<<<<
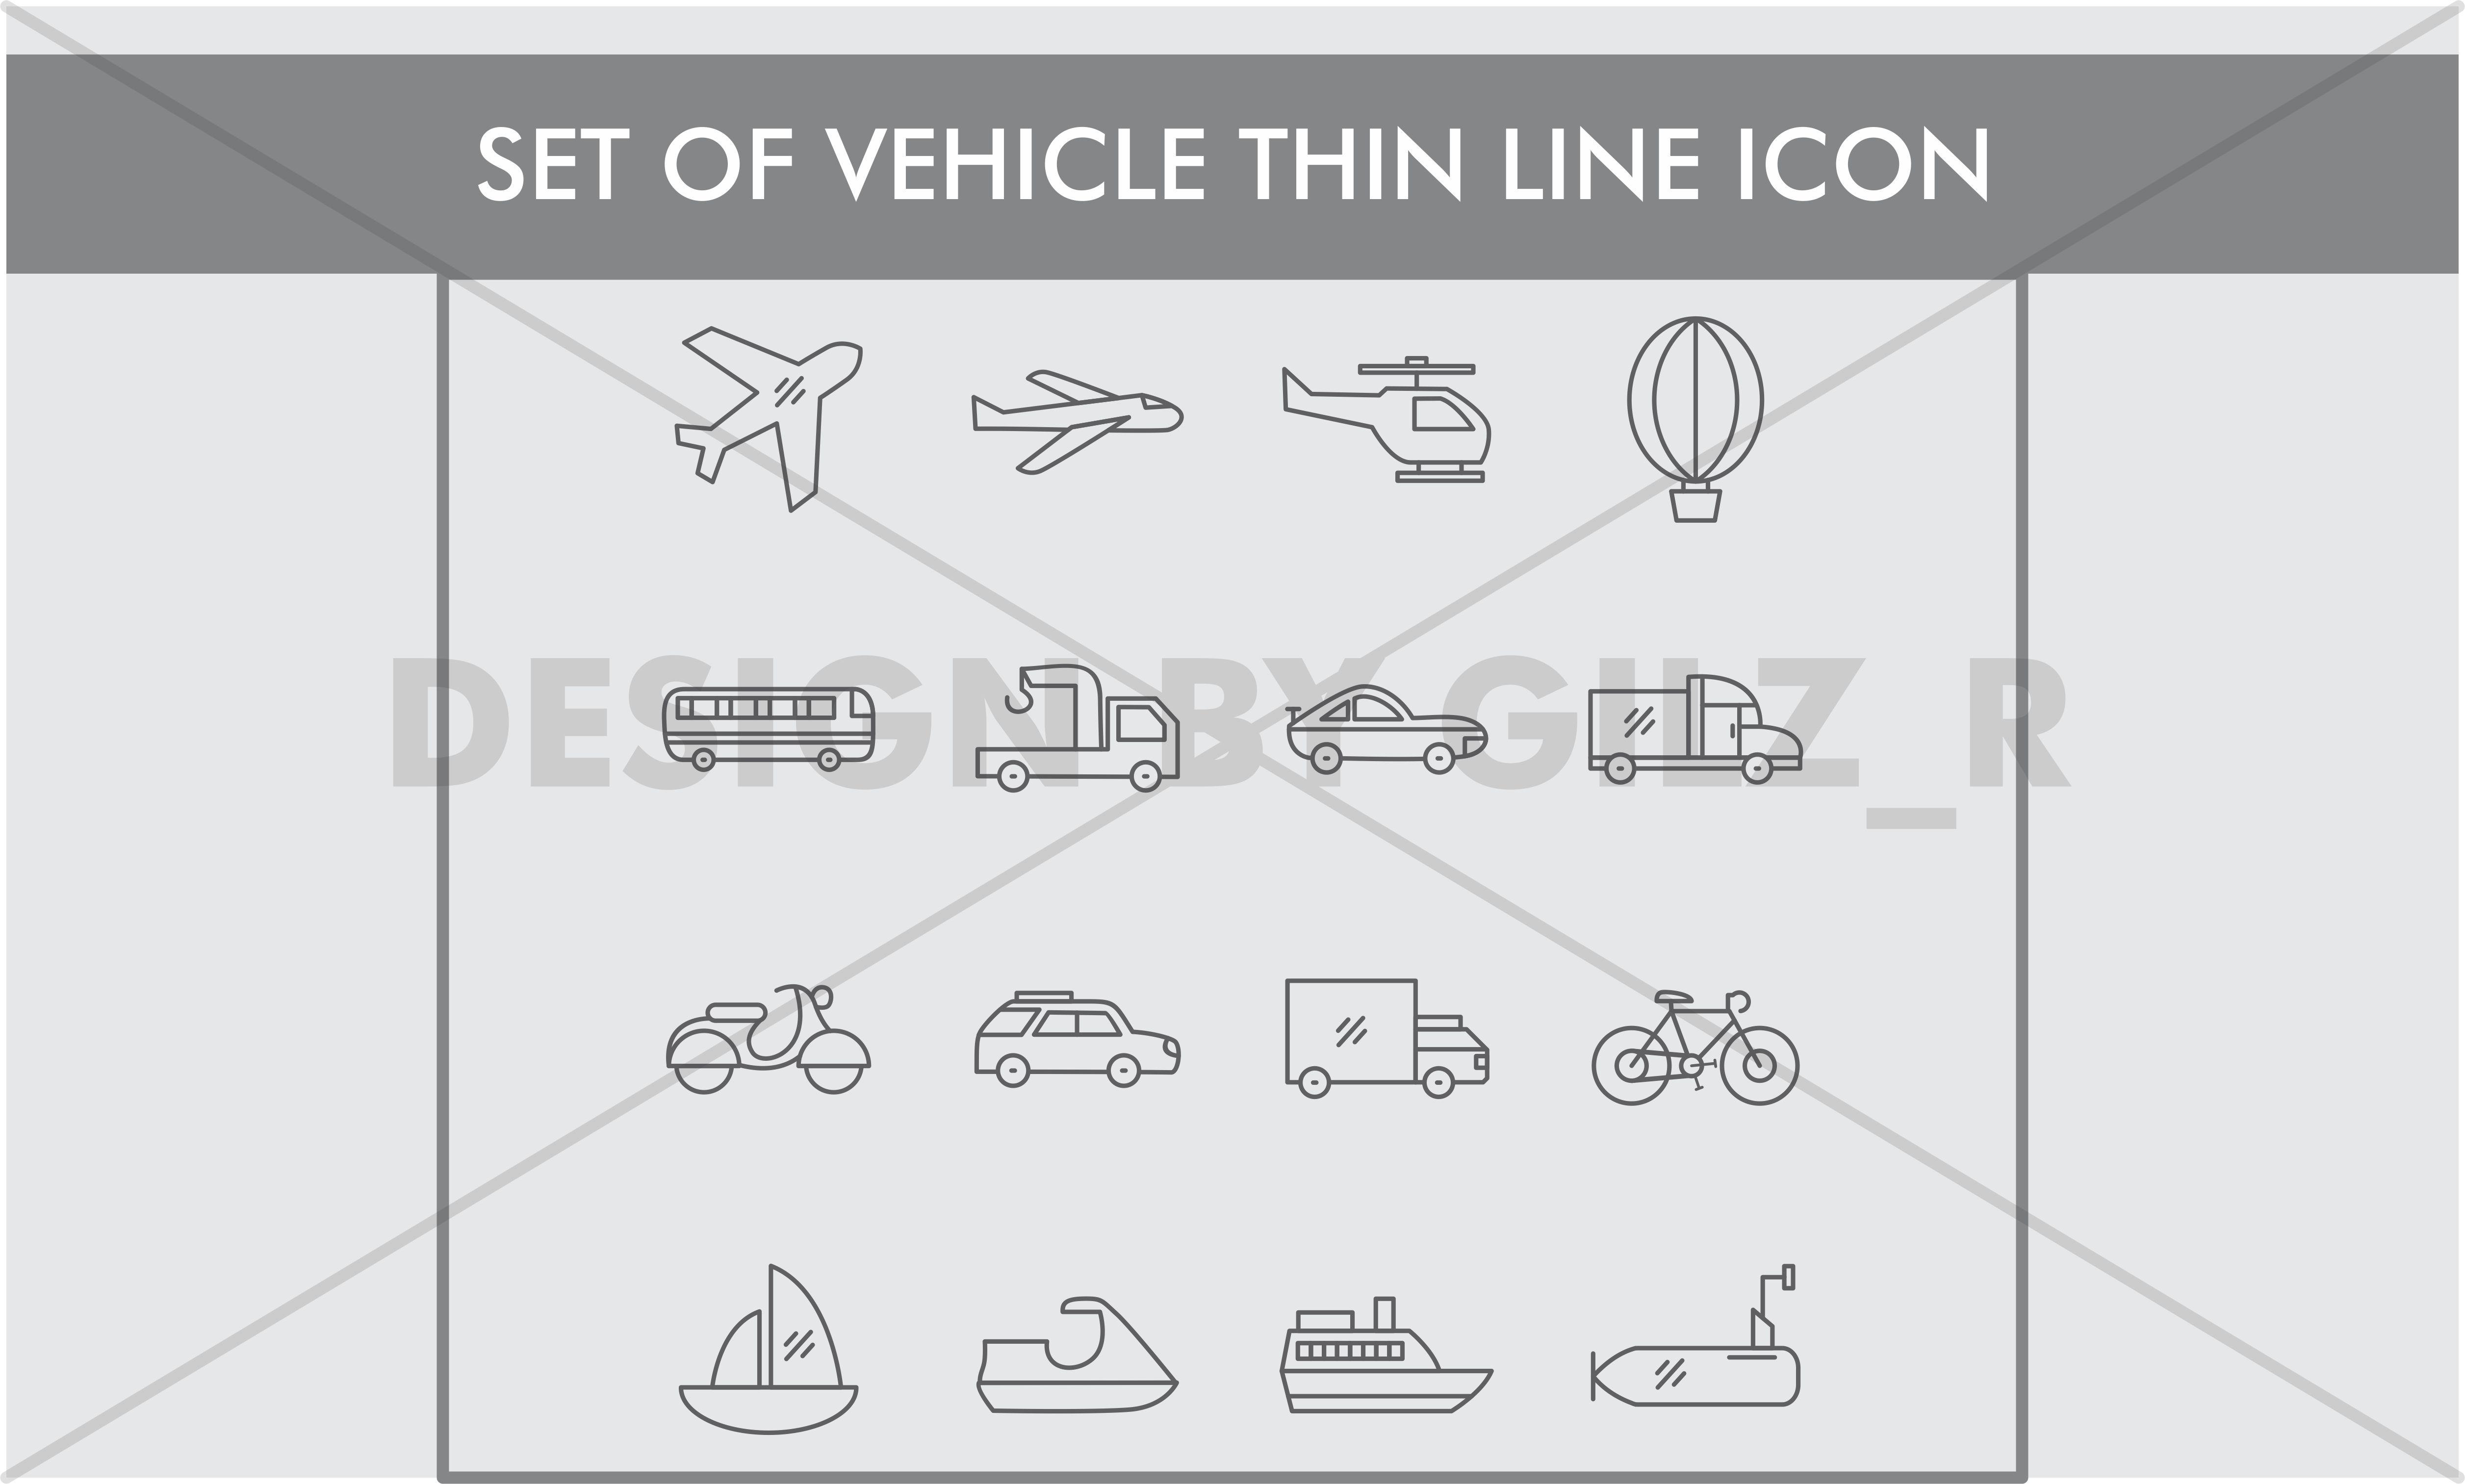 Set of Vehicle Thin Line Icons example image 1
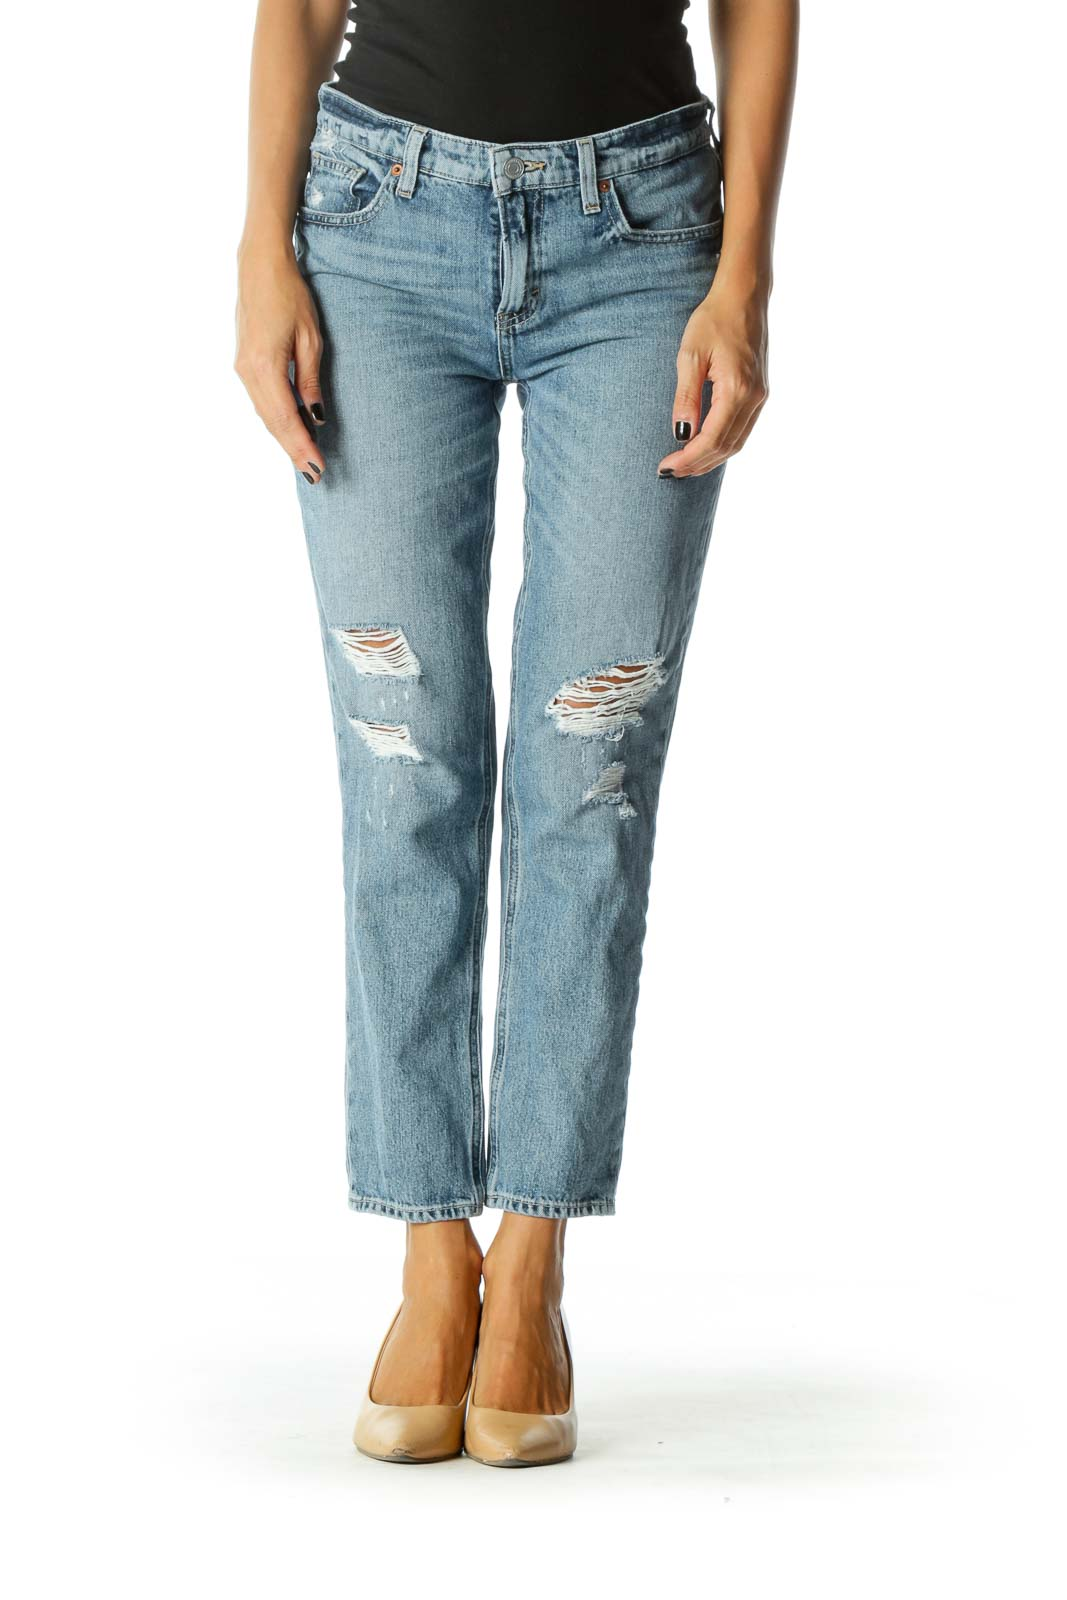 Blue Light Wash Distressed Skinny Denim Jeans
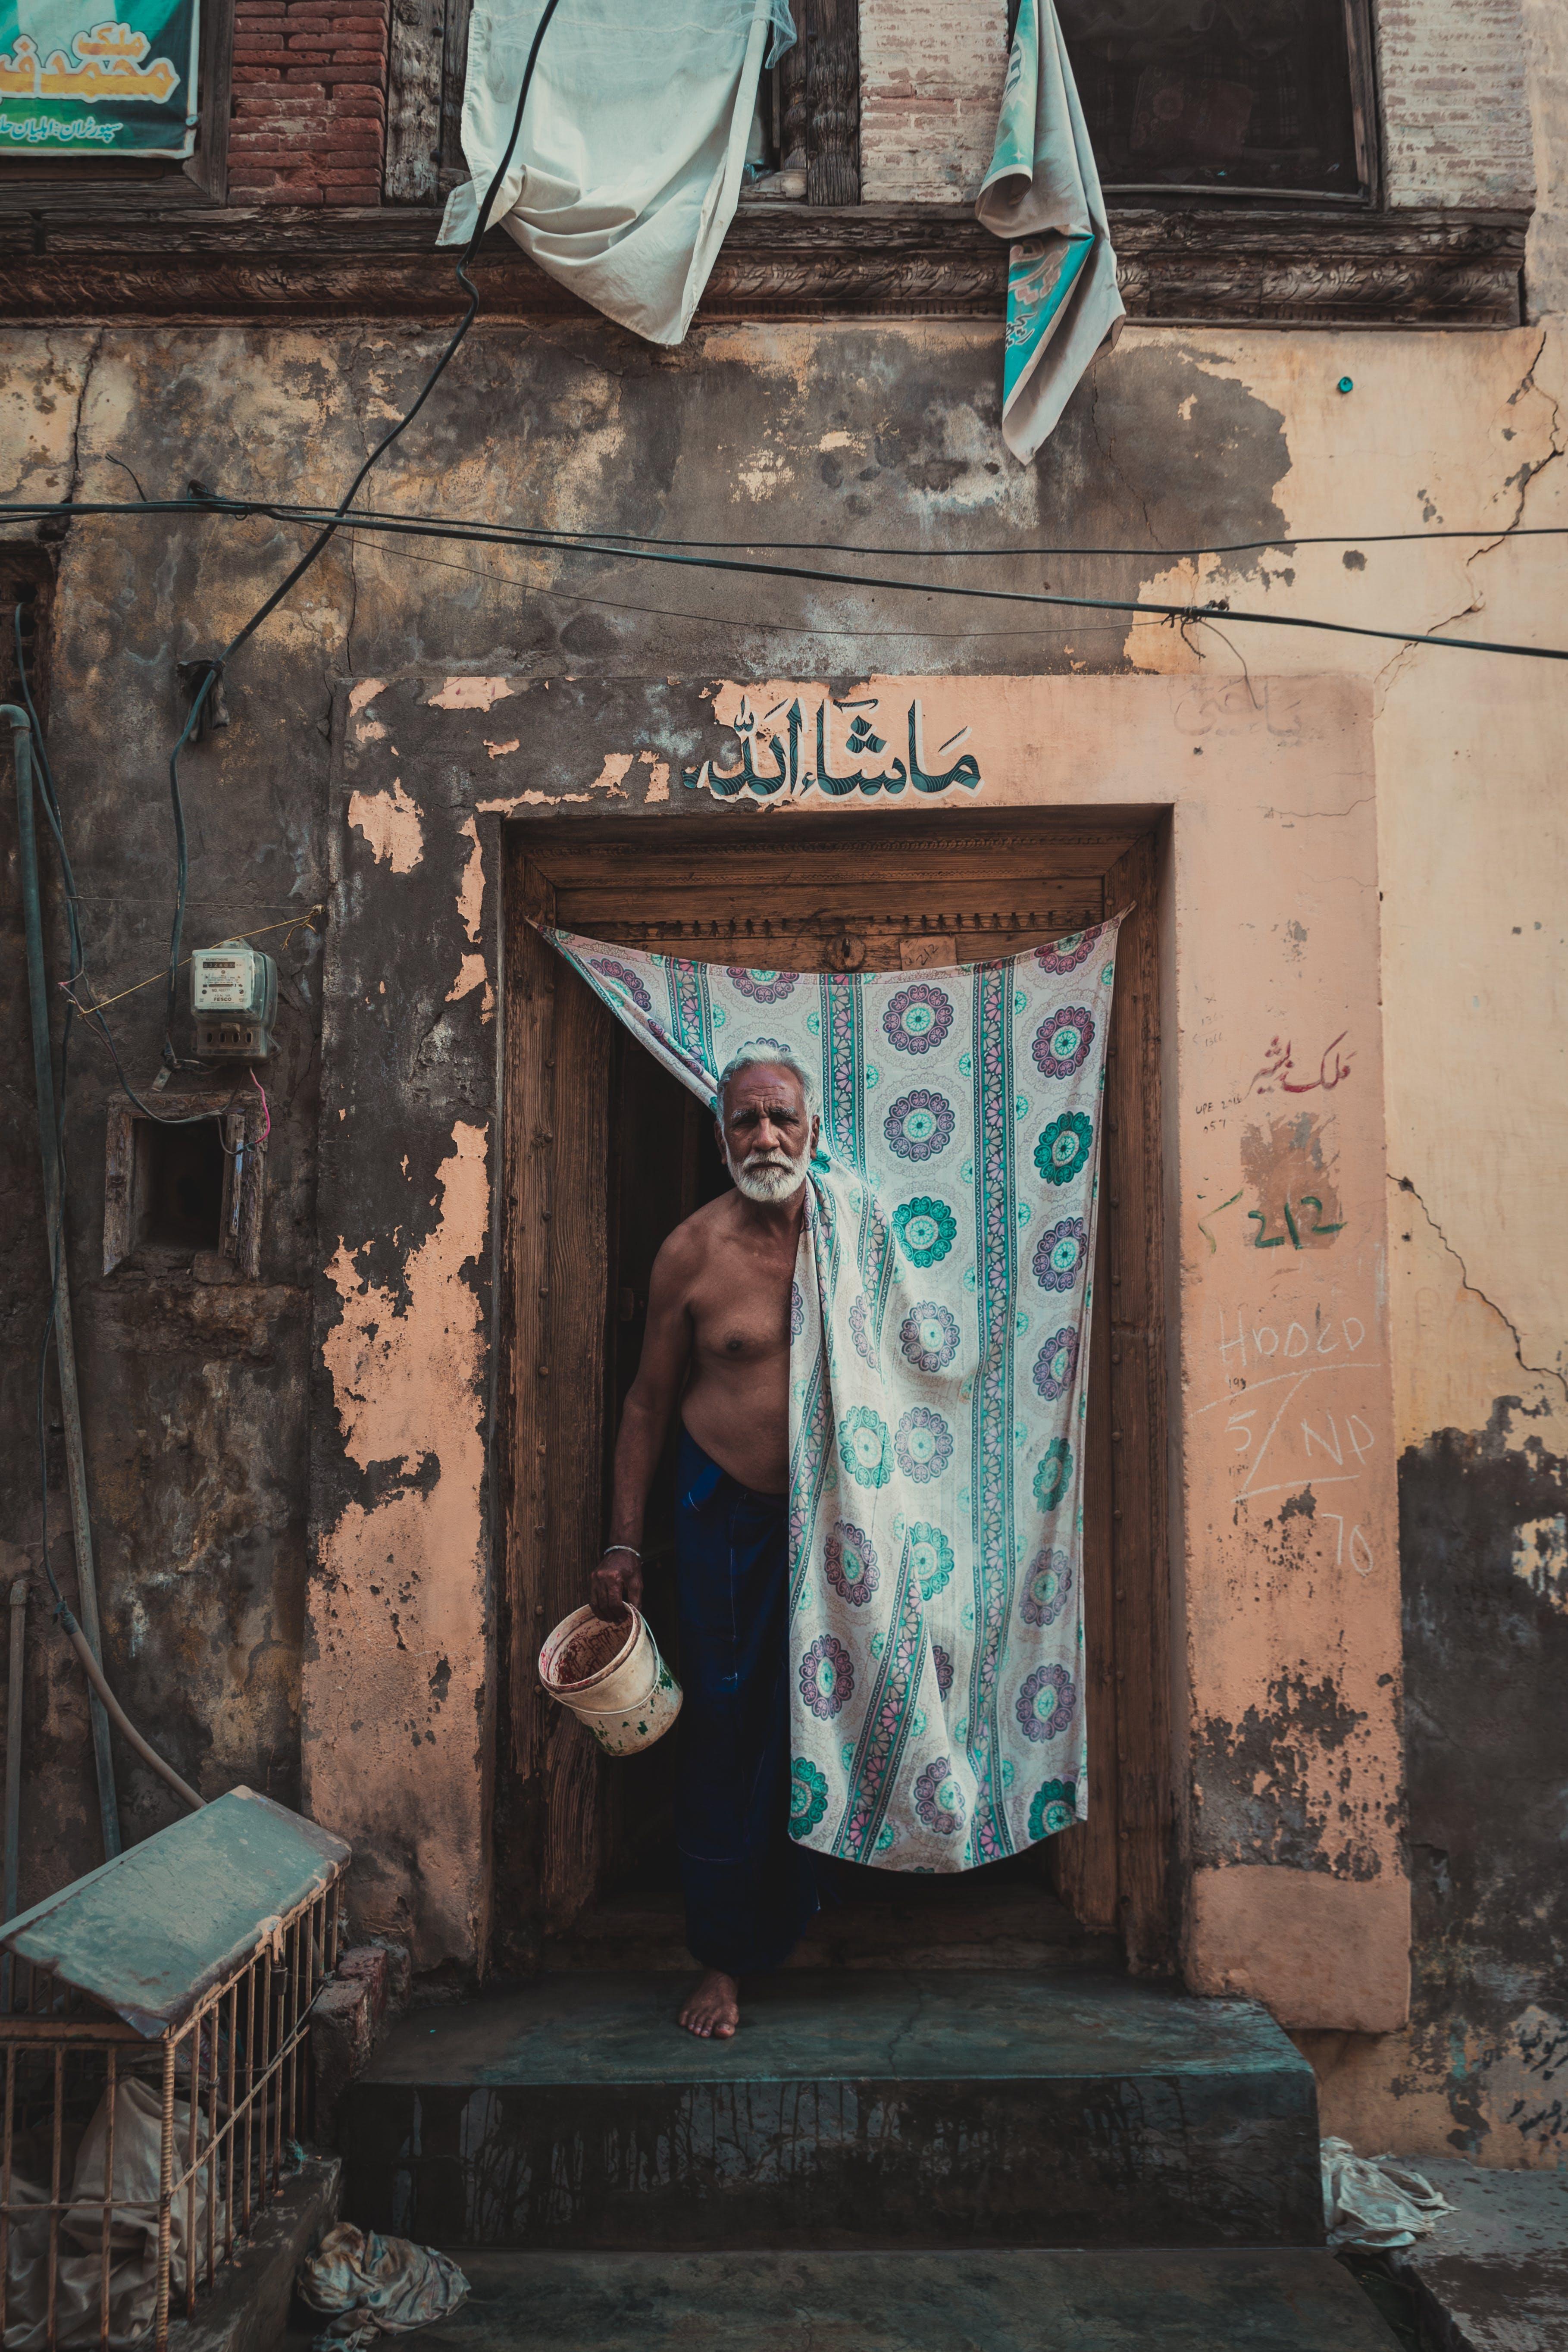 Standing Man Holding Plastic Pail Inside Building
>>>>
What the exercise asks: Everything in the listing except the pictures must be reproduced exactly.

Exercise output:
 Set of Vehicle Thin Line Icons example image 1
 Blue Light Wash Distressed Skinny Denim Jeans
 Standing Man Holding Plastic Pail Inside Building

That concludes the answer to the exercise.